Well the initial approach was to put the minimum functionality
in-kernel and drive it all from userspace. I that proved to
be inadequate then the kernel-side might need to be grown.

I'd expect that a defrag would be a batch process which is done
during quiet times. Although one _could_ have a `defragd' which
ticks along all the time I suppose.

A defragmentation algorithm probably would not be a "per file" thing;
it would need to gather a fair amount of state about the fs, or
at least an individual block group before starting to shuffle things.


2002-10-10 20:51:26

by Thomas Zimmerman

[permalink] [raw]
Subject: Re: The reason to call it 3.0 is the desktop (was Re: [OT] 2.6 not 3.0 - (NUMA))

On Tue, 08 Oct 2002 10:09:38 -0700
Andrew Morton <[email protected]> wrote:
[snip]
> Well the initial approach was to put the minimum functionality
> in-kernel and drive it all from userspace. I that proved to
> be inadequate then the kernel-side might need to be grown.
>
> I'd expect that a defrag would be a batch process which is done
> during quiet times. Although one _could_ have a `defragd' which
> ticks along all the time I suppose.
>
> A defragmentation algorithm probably would not be a "per file" thing;
> it would need to gather a fair amount of state about the fs, or
> at least an individual block group before starting to shuffle things.

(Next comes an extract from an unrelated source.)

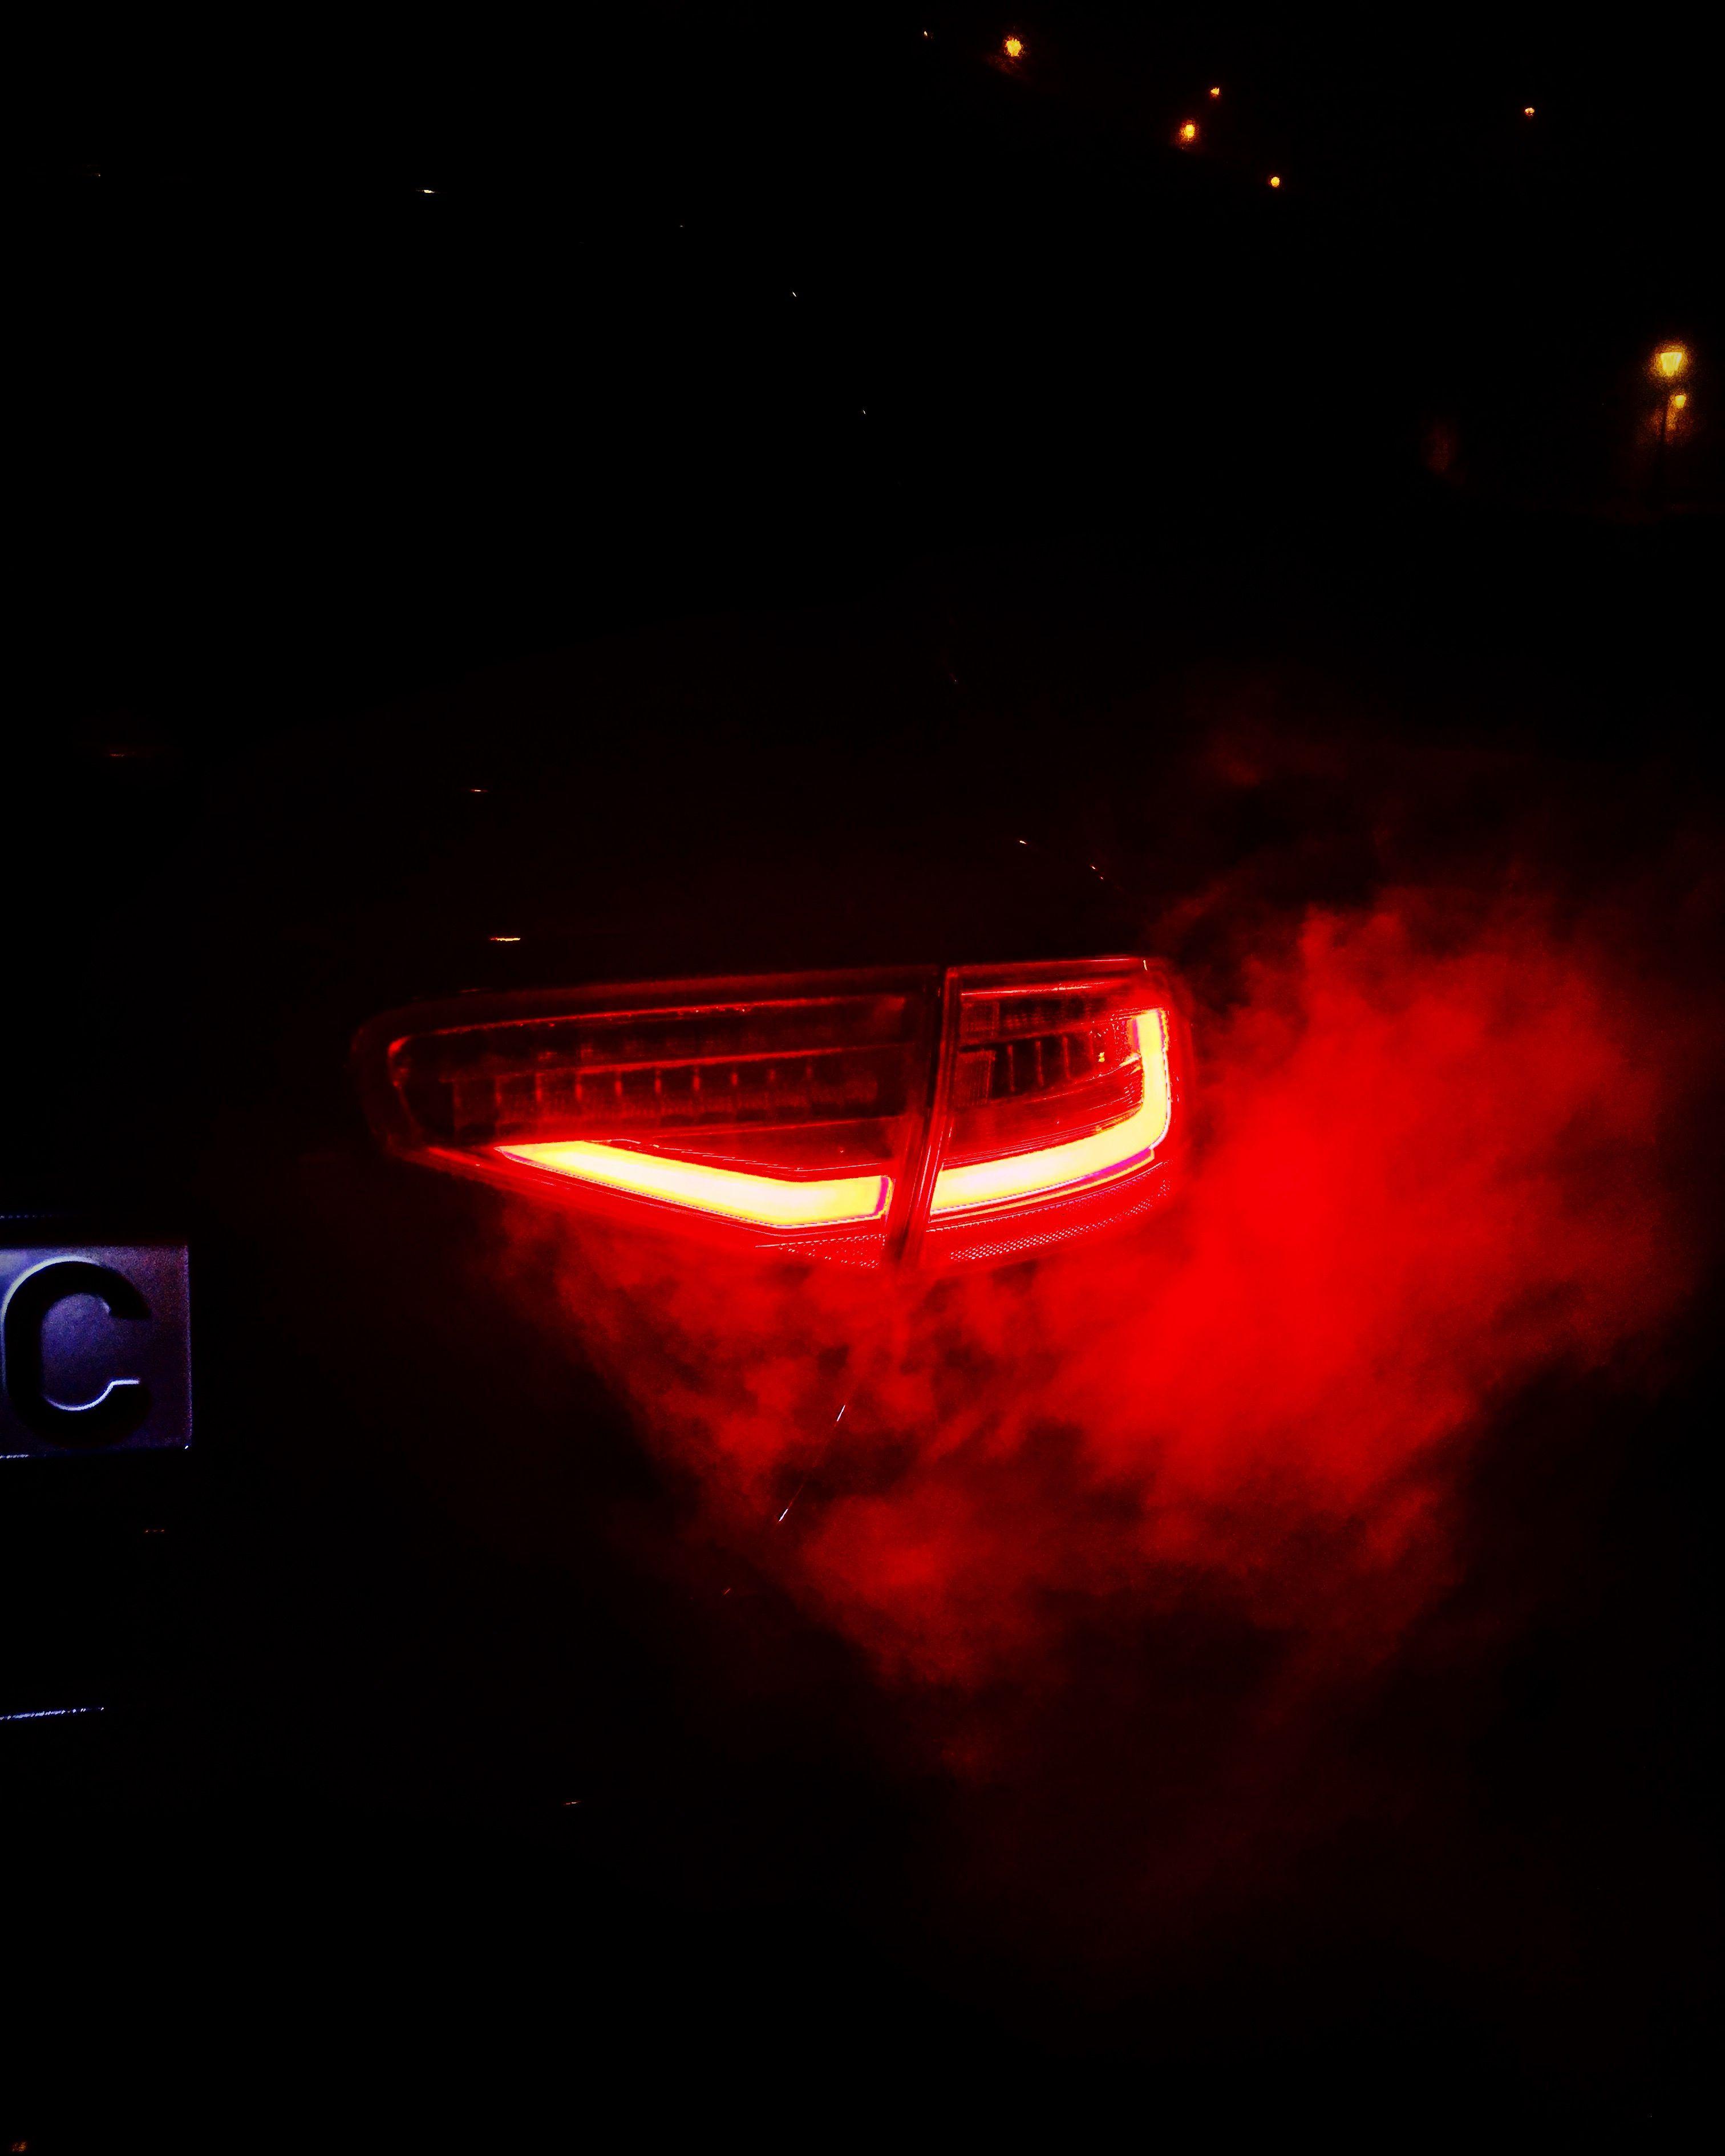 audi a4 night fog black b8 cars pinterest audi a4 audi and cars

I seem to remember a "drive optimzier" on an old SE Mac. It would move
files and dirs about so that commonly used files all sat together. It
would run in the background too...after the disk was idle for about 5
minuest (configurable, iirc) it would go to work moving things about. It
really helped, as programs and used libs usually all sat in nice self
contained directories. I wounder if load times could be significantly
reduced by having libraries/programs fault in w/o all the seeking that
goes on on X load; as I first test, I guess, I'll have to see if
"prefaulting" all the X/kde dependences in help much.